Temperatures will fluctuate between +40 and -40 degrees Celsius (-40 degrees Fahrenheit) while in the air, so the cockpit is insulated with isolation foam, and the pilot’s clothing contains intelligent nylon fibres to stabilise their body temperature. The multipurpose seat contains the toilet, parachute and life raft, plus it can lie flat to allow the pilot to stretch their legs.
A matchbox-sized electrocardiogram will monitor the pilot’s fatigue and vigilance and a tailor-made autopilot system will monitor the aeroplane. The pilot will also have a vibration device fitted into their sleeves to alert them to any problems or anomalies.
In preparation for the round-the- world mission, both pilots have completed 72-hour stints in a flight simulator, recreating the conditions of the Solar Impulse 2 cockpit.

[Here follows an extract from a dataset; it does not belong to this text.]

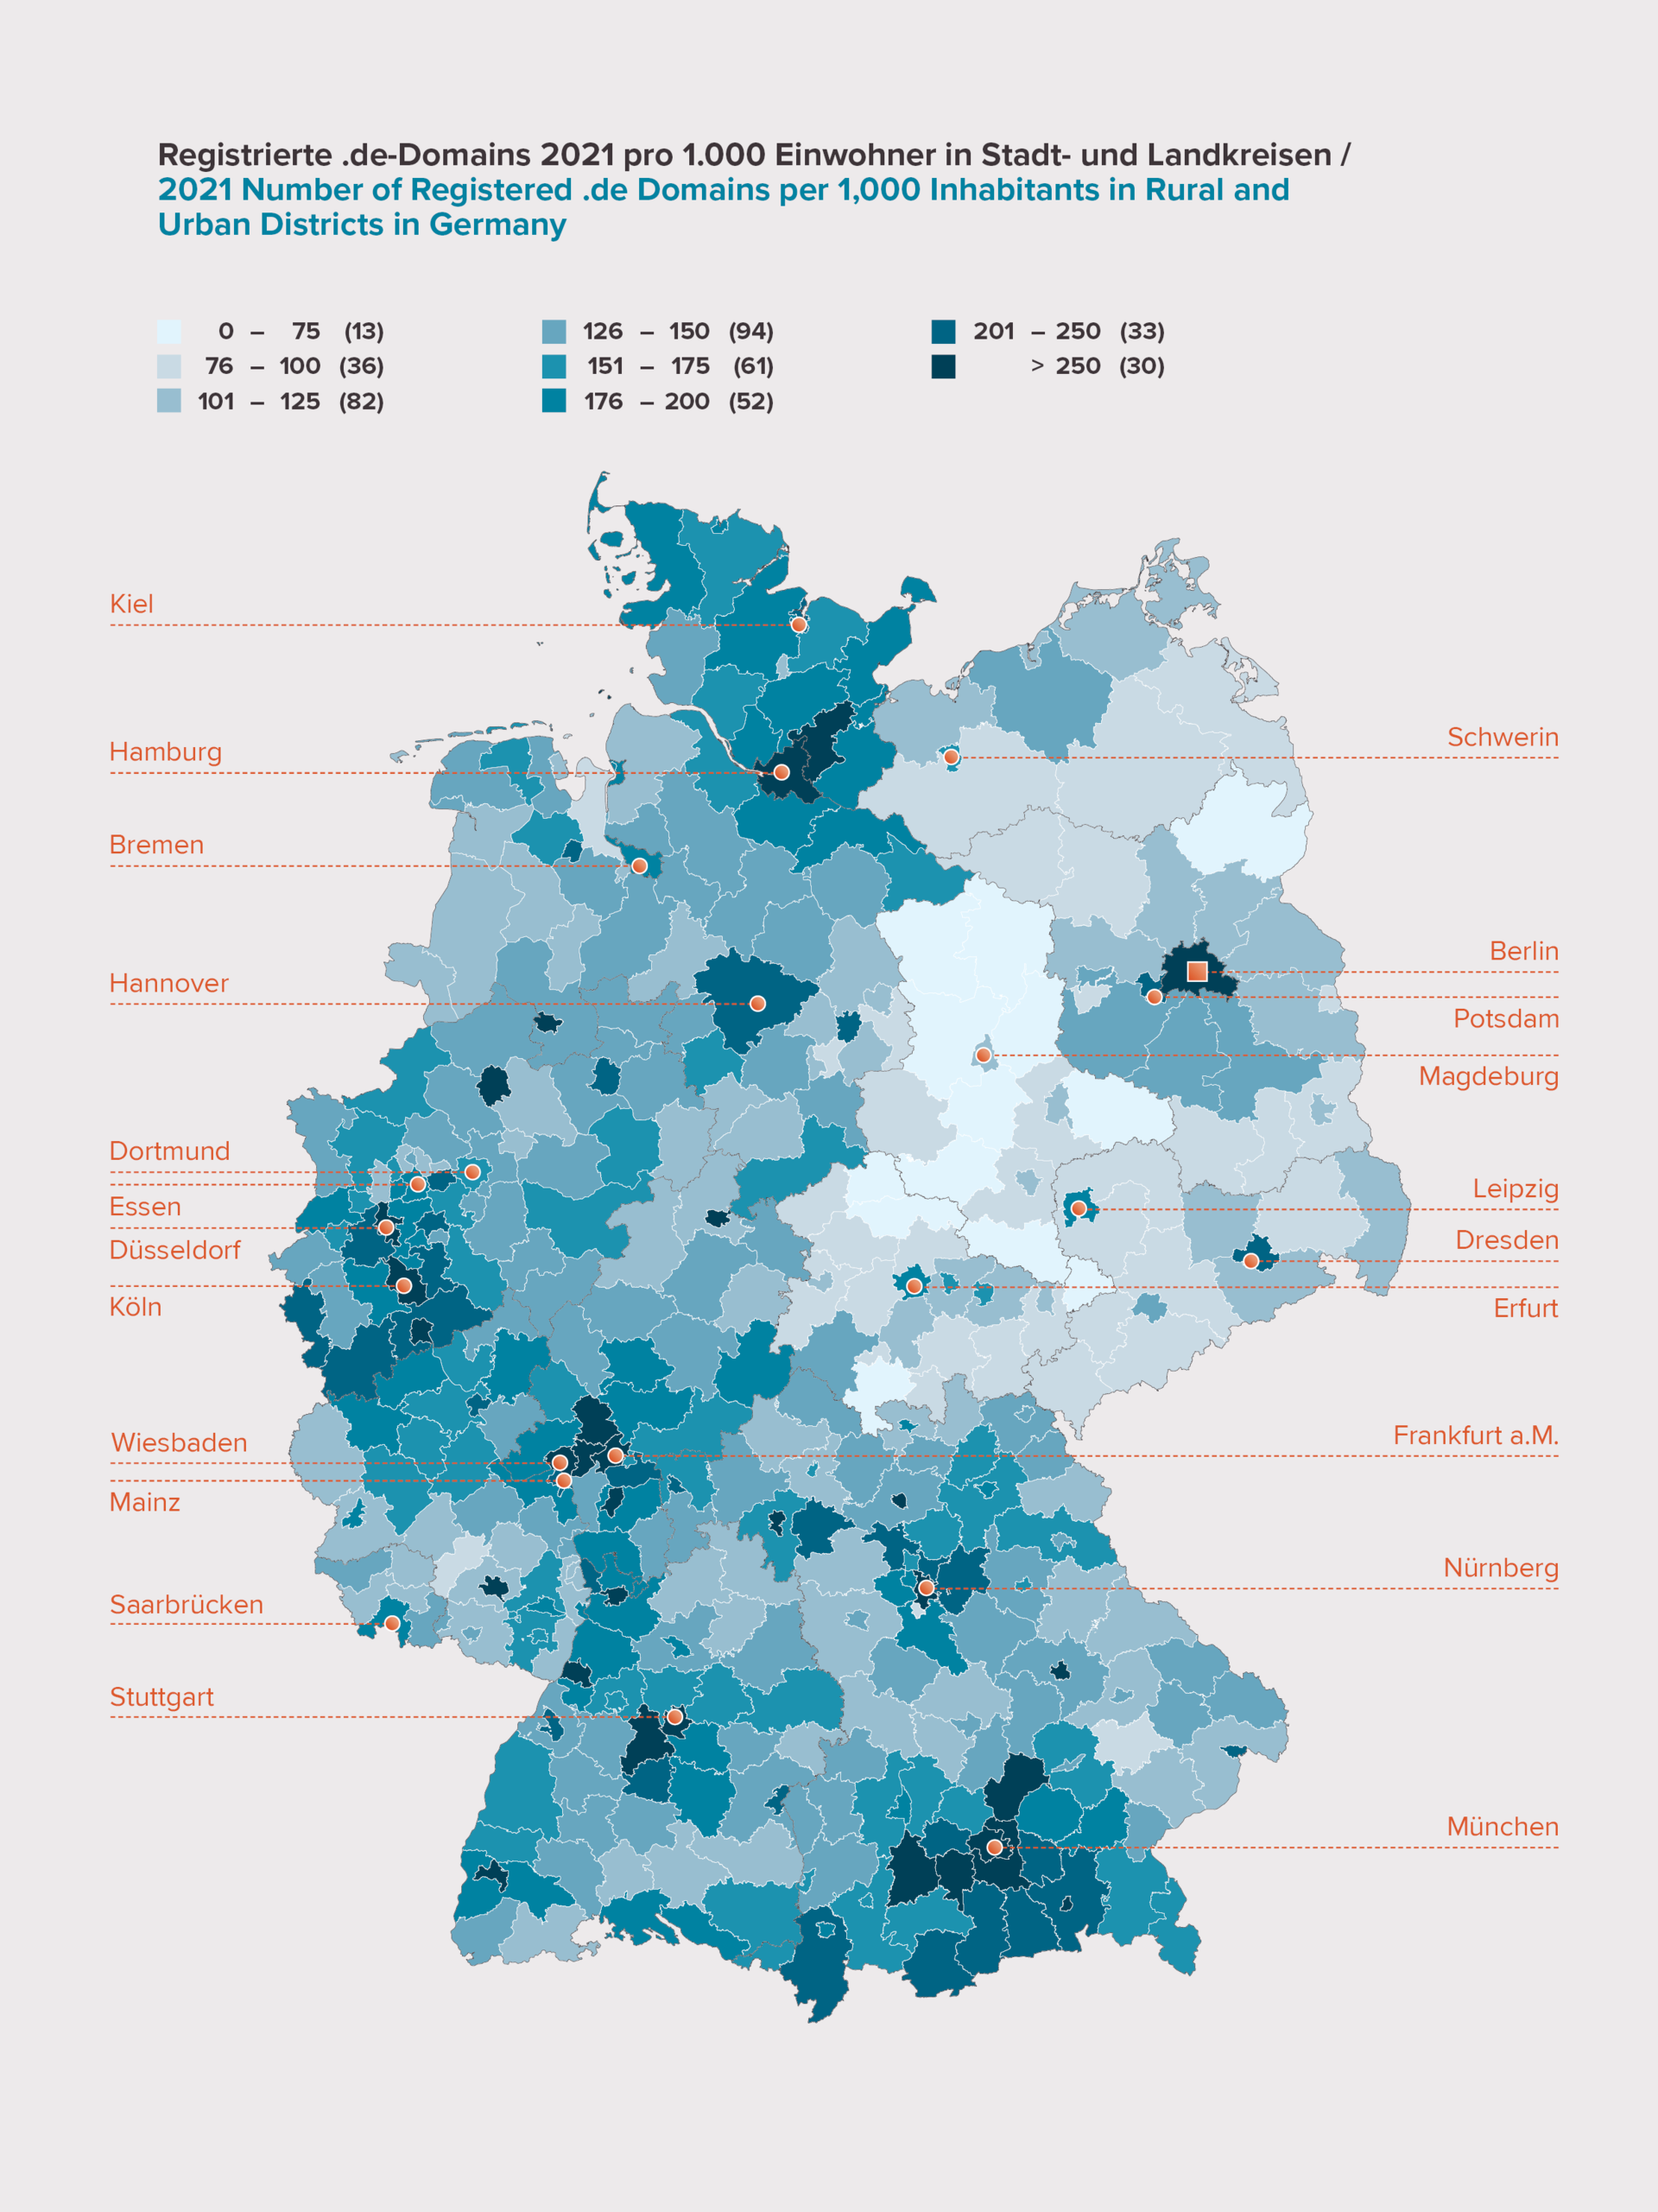 Number of Registered .de Domains per 1,000 Inhabitants in Rural and Urban District in Germany 2021

This enabled them to test and evaluate their nutrition plan, toilet facilities and exercise regime to prevent deep vein thrombosis (DVT). They could also try out their rest strategy, which involves using relaxation techniques for the shorter flights (24 to 36 hours) over land and taking 15 to 20-minute micro-naps for the longer stretches over oceans. Self-hypnosis and meditation techniques will also help them to maintain concentration and vigilance and help the pilots fall asleep and wake up faster.